Prominent Vietnamese Politician PASSES AWAY
The most prominent politician in Vietnam, Nguyen Phu Trong, was the general secretary of the ruling Communist Party and passed away on Friday following several months of illness, according to official media. He was eighty.
“General Secretary of the Central Committee of the Party Nguyen Phu Trong passed away at 13:38 on July 19, 2024, at the 108 Central Military Hospital due to old age and serious illness,” according to the Nhan Dan newspaper.
There will be a state funeral, according to official media.
Ever since he was chosen as the party chairman in 2011, Trong has controlled Vietnamese politics. He aimed to strengthen the Communist Party’s position in Vietnam’s one-party government throughout his time there. The governmental wing, headed by Prime Minister Nguyen Tan Dung at the time, had gained significant ground in the ten years prior to his ascent to the top of Vietnamese politics.
From 1981 to 1983, Trong studied in the Soviet Union, and there was conjecture that Vietnam would become more integrated with China and Russia under his direction. However, the nation of Southeast Asia used a practical approach known as “bamboo diplomacy,” a term he invented to describe the plant’s ability to bend but not break in the face of altering geopolitical gusts.
Vietnam disagrees with China over sovereignty claims in the South China Sea, but it has maintained long-standing relations with the larger country. However, it also became closer to the US, raising its diplomatic relations with the US from its previous adversary in the Vietnam War to the greatest level—that of a complete strategic alliance.

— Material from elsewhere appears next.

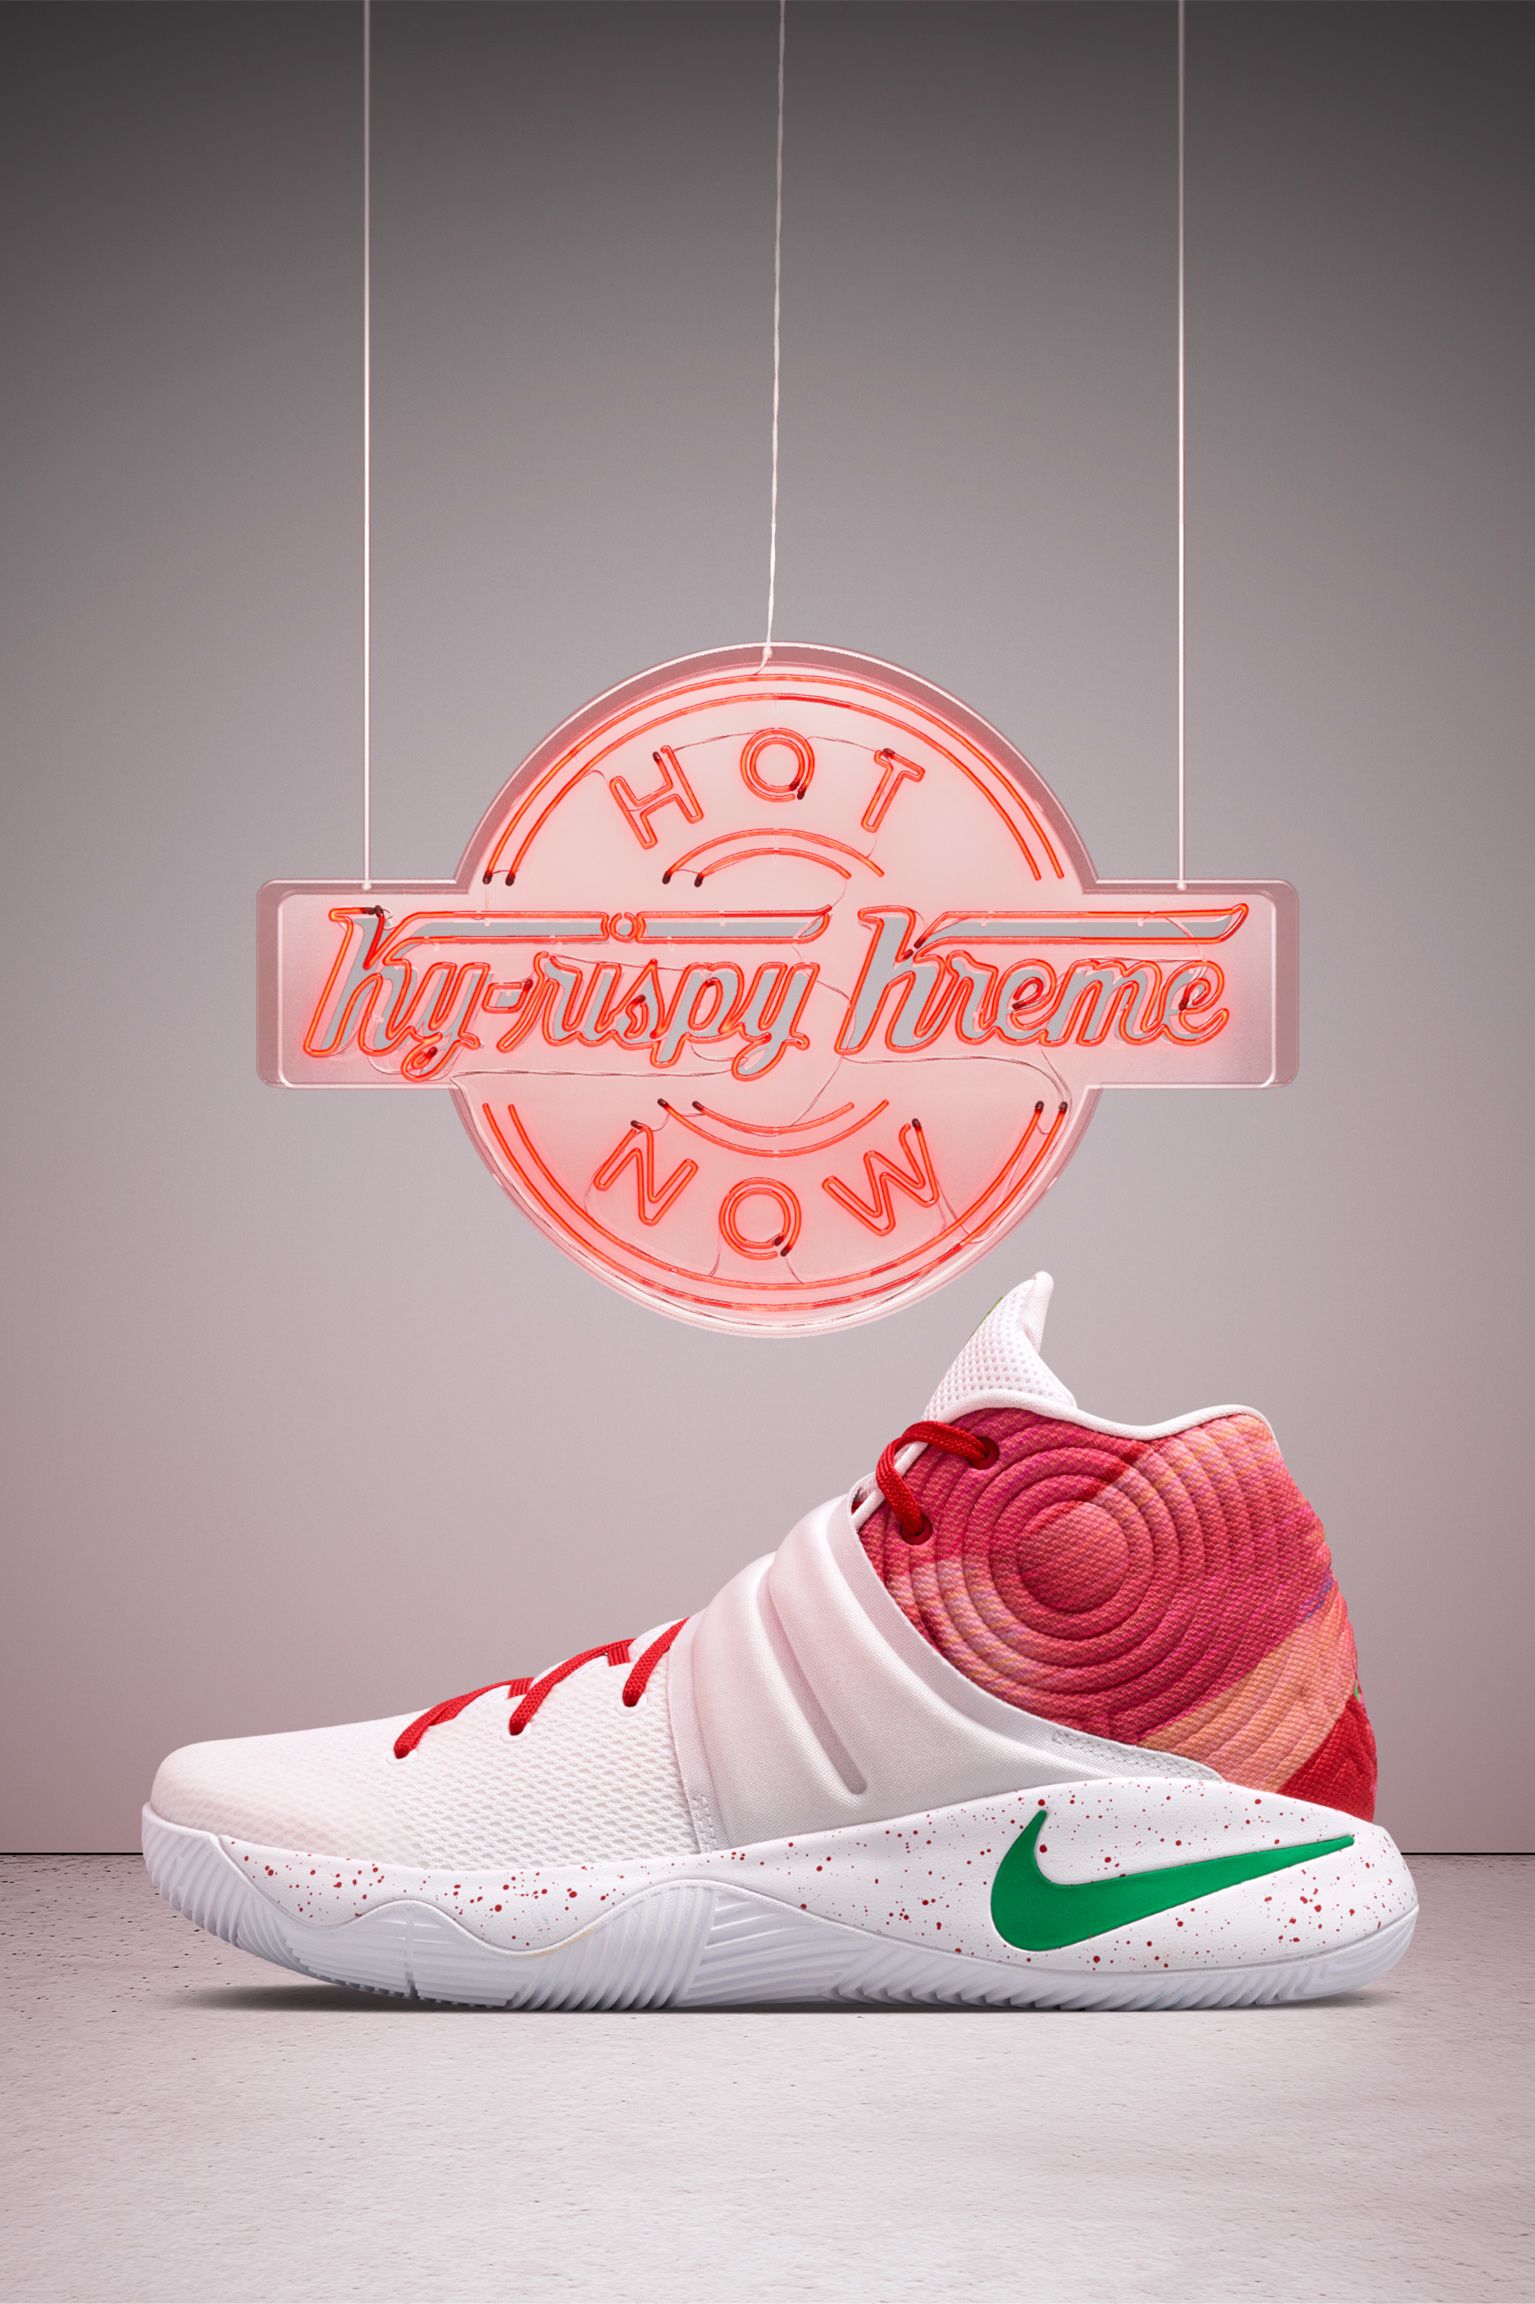 Nike Kyrie 2 'Ky-Rispy Kreme' iD 发布日

The anti-graft campaign’s unexpected result, according to Nguyen Khac Giang, a visiting fellow in the Vietnam Studies Program at Singapore’s ISEAS–Yusof Ishak Institute, is the weakening of Communist Party institutions. Trong’s legacy is thus ambiguous.
On July 18, Vietnamese President To Lam was named the party’s caretaker while Trong got medical attention for his illness. Prior to taking office as president in May after his predecessor resigned due to being embroiled in graft, Lam had spearheaded the anti-graft drive as Vietnam’s top security official.
In a statement from its central office, the party’s Politburo asked Lam to “preside over the work of the Party Central Committee, the Politburo, and the Secretariat,” marking the first formal acknowledgement of Trong’s deteriorating health.
Ever before his initial hospitalization in 2019 and, more recently, when he looked incredibly weak during a meeting with visiting Russian President Vladimir Putin, there have been rumors regarding his health in Vietnamese politics.
Vietnam now faces a massive political vacuum following Trong’s passing. Giang foresaw “a very uncertain time” in Vietnamese politics despite Lam being the front-runner to become the party’s leader. This is because the structures and conventions that govern the nation are “very shaky.”